Пока Боев собирался с мыслями, последовало сразу два вопроса:

— Какая нужна помощь? У Стогова настроение какое?

Зная настроение самого Пыжова, Боев неопределенно ответил:

— Хорошее настроение.

Тогда вопрос был поставлен прямо:

— К Первому мая начнете заполнение водоема?

— Это невозможно. Может быть авария.

— А может и не быть?

— Если плотина еще не укреплена и не выдержит большого напора.

— Значит, к Первому мая рапорта не будет?

— Есть утвержденные сроки…

— Ты, я вижу, заодно со Стоговым.

— Он начальник, я выполняю его распоряжения.

— Стогов перестраховщик. А ты — комсомолец. Скажи по совести, можно закончить плотину к празднику?

И снова Боев начал объяснять, почему нельзя заполнять водоем, и с удивлением заметил, что его не перебивают вопросами. Это был первый случай, когда Пыжов все выдержал до конца. И даже потом долго молчал, задумчиво похаживая по комнате. Ох, не к добру эта внезапная задумчивость! Боев испугался: не проговорился ли он, все ли объяснил, как надо. Да, так и есть, не к добру. Неожиданно веселым голосом Пыжов спросил:

— Значит, так: плотина выдержит, если половодье не будет очень сильным.

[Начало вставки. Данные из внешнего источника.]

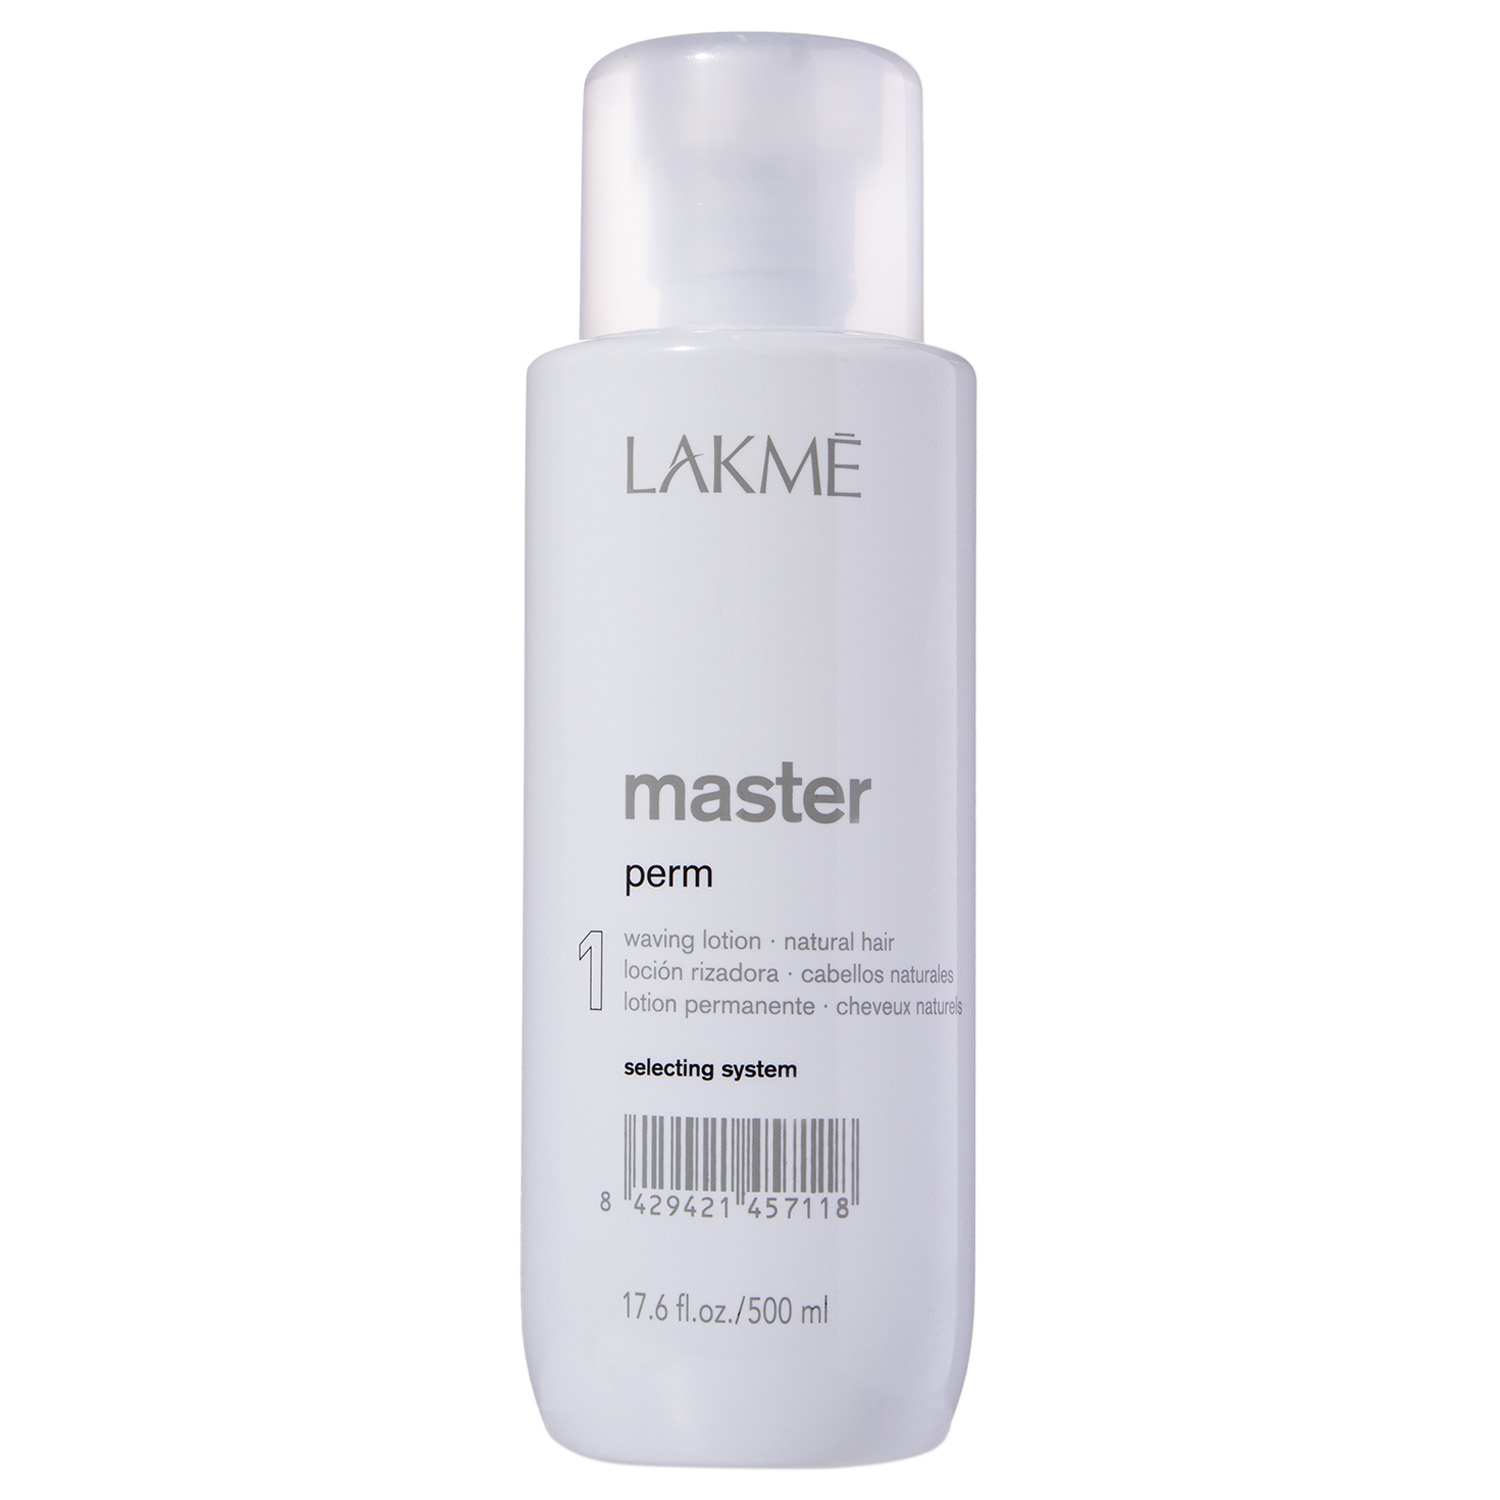 Lakme Лосьон для завивки нормальных волос 1 Perm Waving Lotion 1, 500 мл (Lakme, Master) revlon лосьон 0 для химической завивки 3 100 мл

Так?

Не дожидаясь ответа, он стремительно вернулся на свое место и уселся прямо на плащ.

— Закончить плотину к Первому мая — вот боевая задача славного отряда строителей Уреньстроя! — проговорил он так чеканно и мечтательно, словно уже сочинял рапорт.

2

Нет, мечтательность не была свойственна Пыжову. Он предпочитал действия и притом немедленные и масштабные. Кроме того, деловитость у него сочеталась с непробиваемым упрямством: сочетание опасное, особенно для руководителя с неограниченной властью, хотя бы в районном масштабе.

И никто никогда не задумывался, умен он или не очень-то. Он отлично умел растолковать любое указание с самых широких позиций и тут же применить его к узким местным условиям. Всех, кто отваживался не соглашаться с ним, он тут же обвинял во всяких политических грехах и даже в каких-то «право-левацких» загибах. Обвинения казались страшными, хотя и не совсем понятными. Может быть, потому и страшными, что никто толком не знал, что они означают, но какие последствия они ведут за собой, это все знали отлично и, наверное, поэтому не особенно интересовались умственными способностями Пыжова. Или потому еще, что его не только боялись, но отчасти и уважали: он не был болтун, он был работяга, беспощадный к себе и требовательный к другим.

Все это Роману рассказал Стогов, который на первое место ставил точность и презирал поспешные выводы. В этой оценке, как и во всем, что рассказывал он о Пыжове, была некоторая техничность и суховатость, но за точность можно было ручаться.

Он вдумчиво выслушал отчет Боева о встрече с Пыжовым и сделал свой вывод:

— Напакостит он нам здорово, вот увидите.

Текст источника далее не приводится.